Особенности развития идеологии русского общества XIX века и заключались в том остром столкновении между новыми тенденциями жизни в виде цивилизационных успехов и развившегося безмерно индивидуализма и эгоизма (именно на них Достоевский выстраивает свою концепцию неизбежного скатывания такого человека — без Бога в душе — к сластолюбию и всяческим порокам) с прежними нравственными (или теми, которые так можно именовать) идеалами, а в русской традиции — с архаическим по европейским меркам ощущением каких-то иных, не индивидуальных человеческих ценностей. Этот разрыв как раз и анализировался Достоевским, да и многими другими русскими литераторами; он и старался воссоздать известную теоретическую картину восполнения в душе современного ему человека (и человека будущего) этих провалов и недостатков, обращением к немногим, но очевидным для него вещам — нахождение человеком Бога в себе, то есть возврат к «христовым заповедям», к истинной «евангелической» нравственности, постоянное сравнение и корректировка человека-индивидуалиста с народными персонажами (мужик Марей), а лучше со всем народным ц е л ы м, как определенной сущностью, где и Бог сохраняется лучше всего, и исправление эгоизма происходит всего очевиднее. Такая вот опора на православие и народность, говоря кратко.

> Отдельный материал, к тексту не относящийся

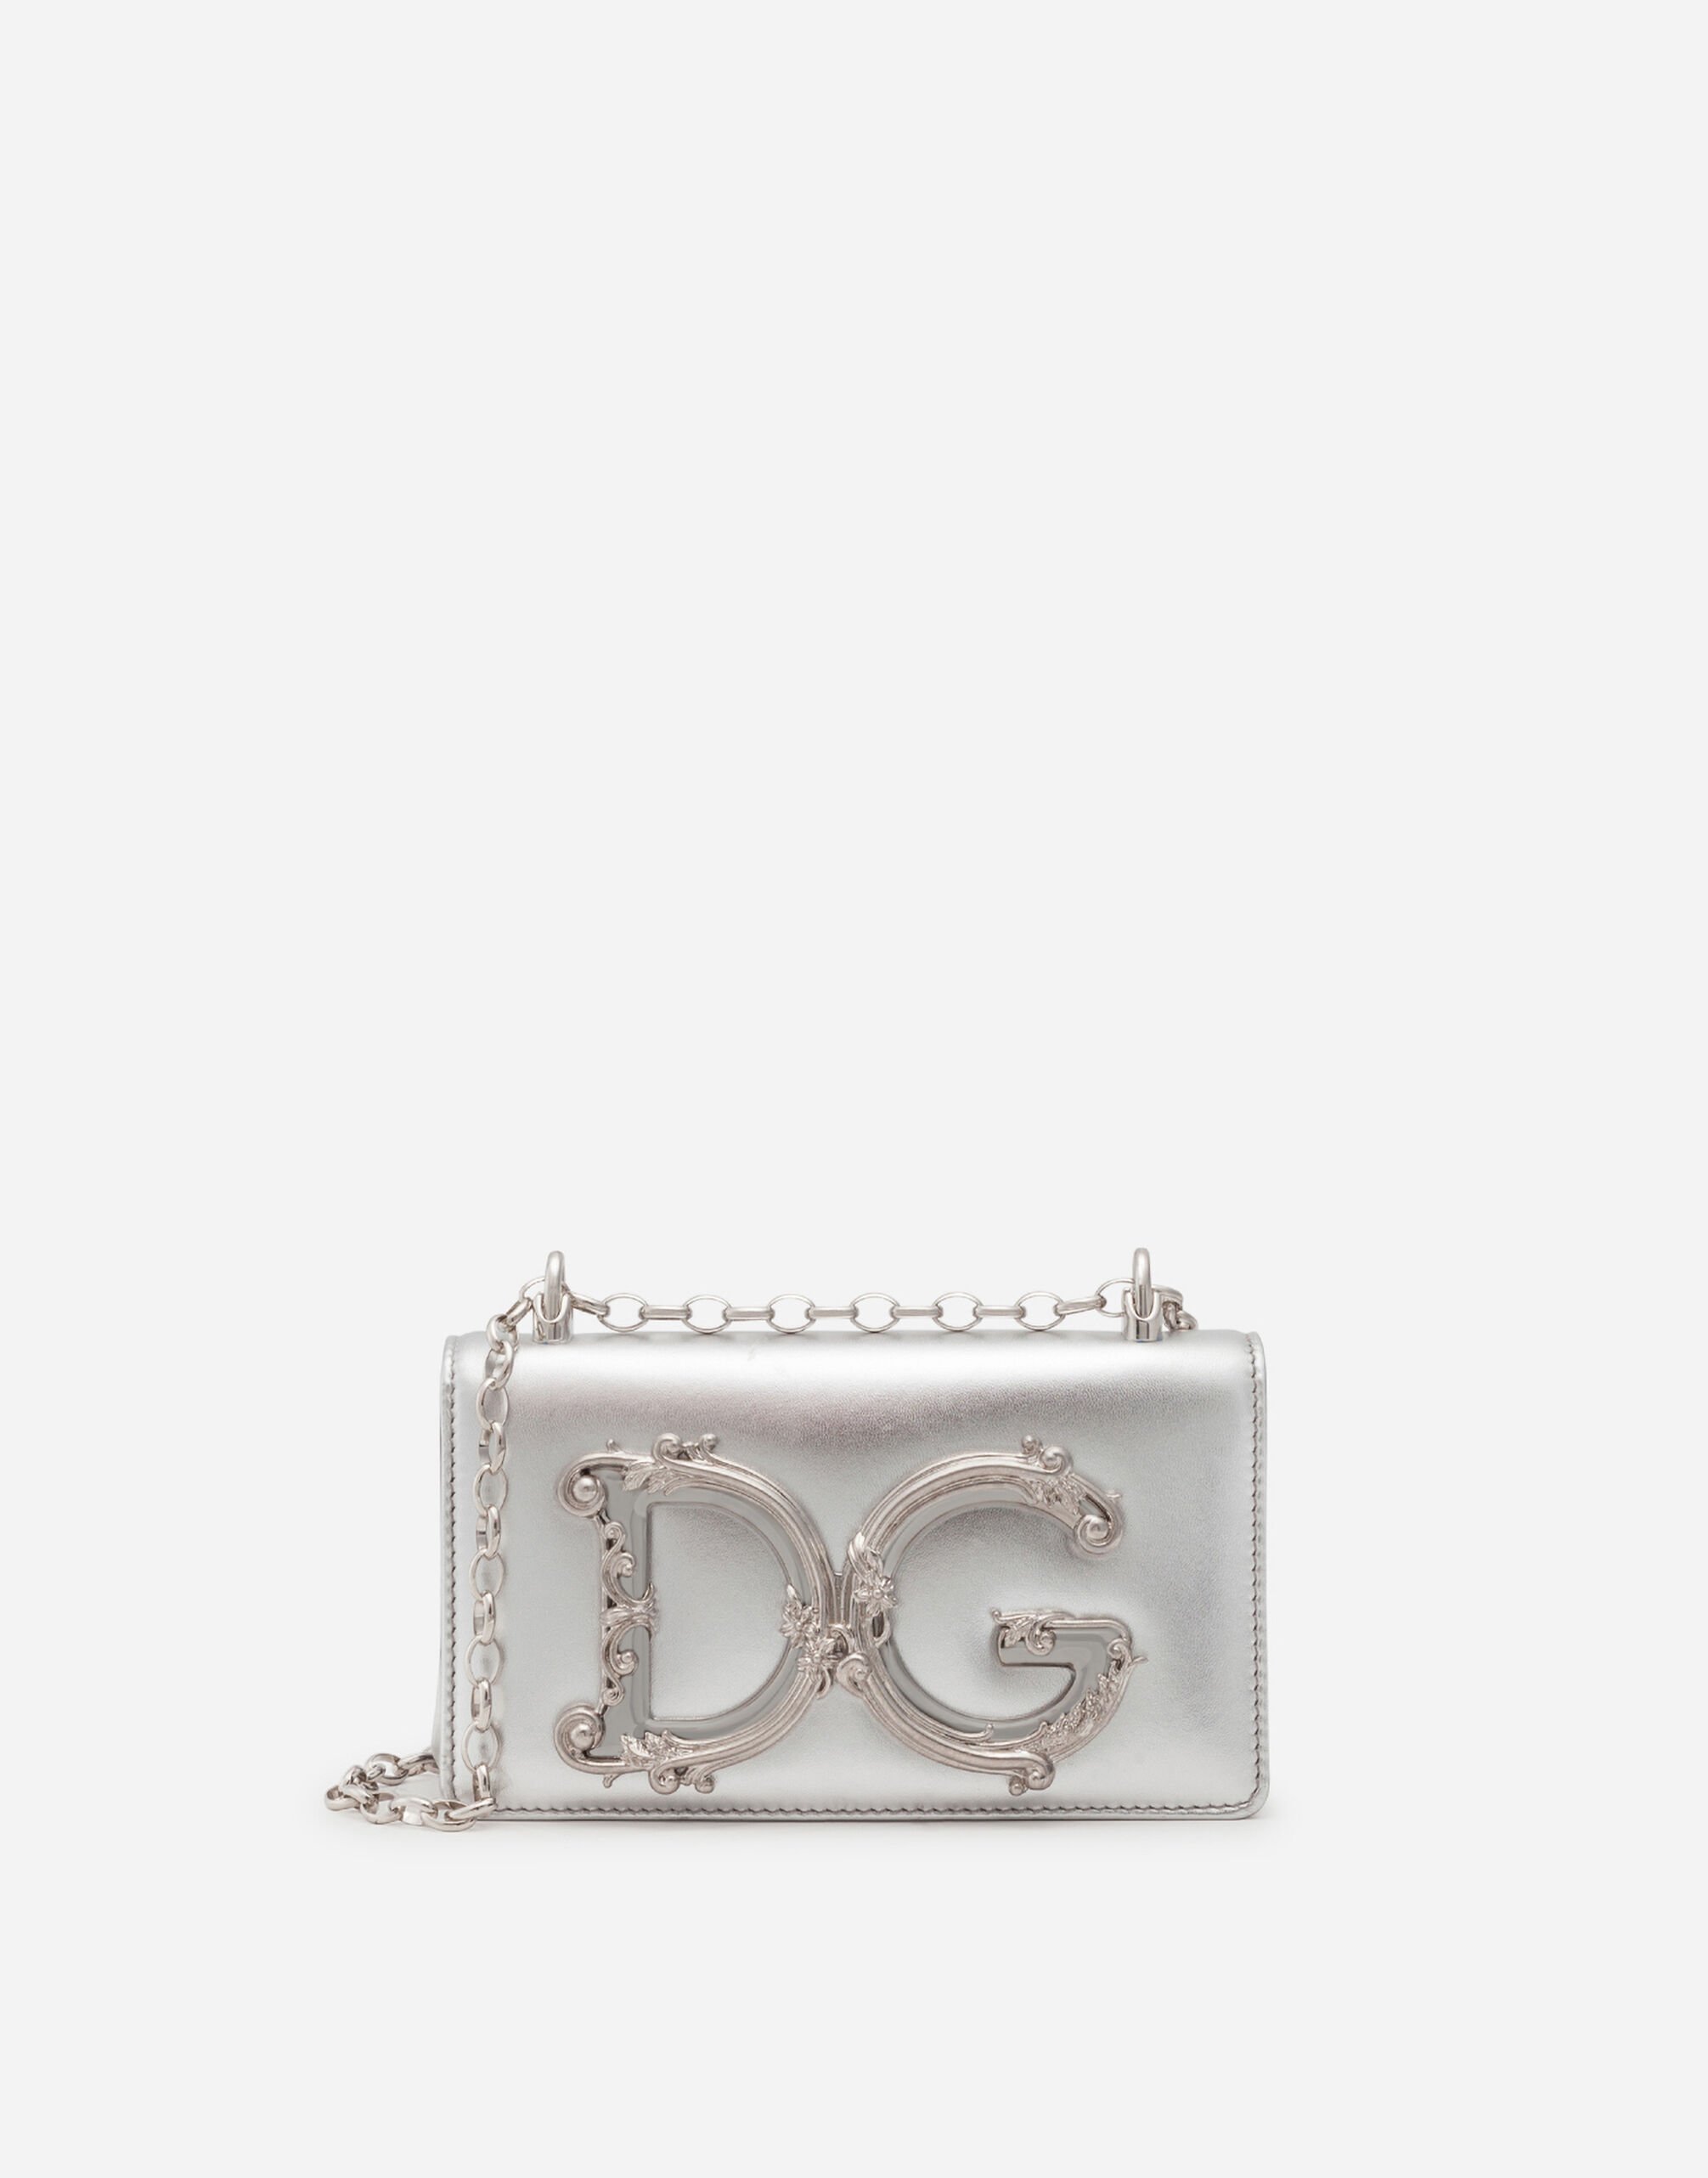 Dolce & Gabbana DG Girls phone bag in nappa mordore leather Gold/Black WEDC2GW0001

Однако этого, конечно, недостаточно для понимания всей тонкости настроек писателя в этом отношении. Помимо всего этого он верит в особое предназначение России и русского народа и обнаруживает явную мистическую связь между этими сущностями. Если в своем исследовании всех глубин падения человека, причин его морального саморазложения, преступании всех и всяческих нравственных норм Достоевский бесконечно и сложен и вариативен, то в своих «рецептах» спасения — он конкретен и очевиден.

Таким образом, если в рамках западной традиции субъективированность как развитие высшей формы предстояния индивида перед миром все более и более уходила в предельную логизированность, то в рамках русской традиции, сопротивляясь, противоборствуя этому, шел процесс сохранения целостного, нерасчлененного постижения бытия, замешанного больше на эмоциях и неопределенных чувствах веры и идеала.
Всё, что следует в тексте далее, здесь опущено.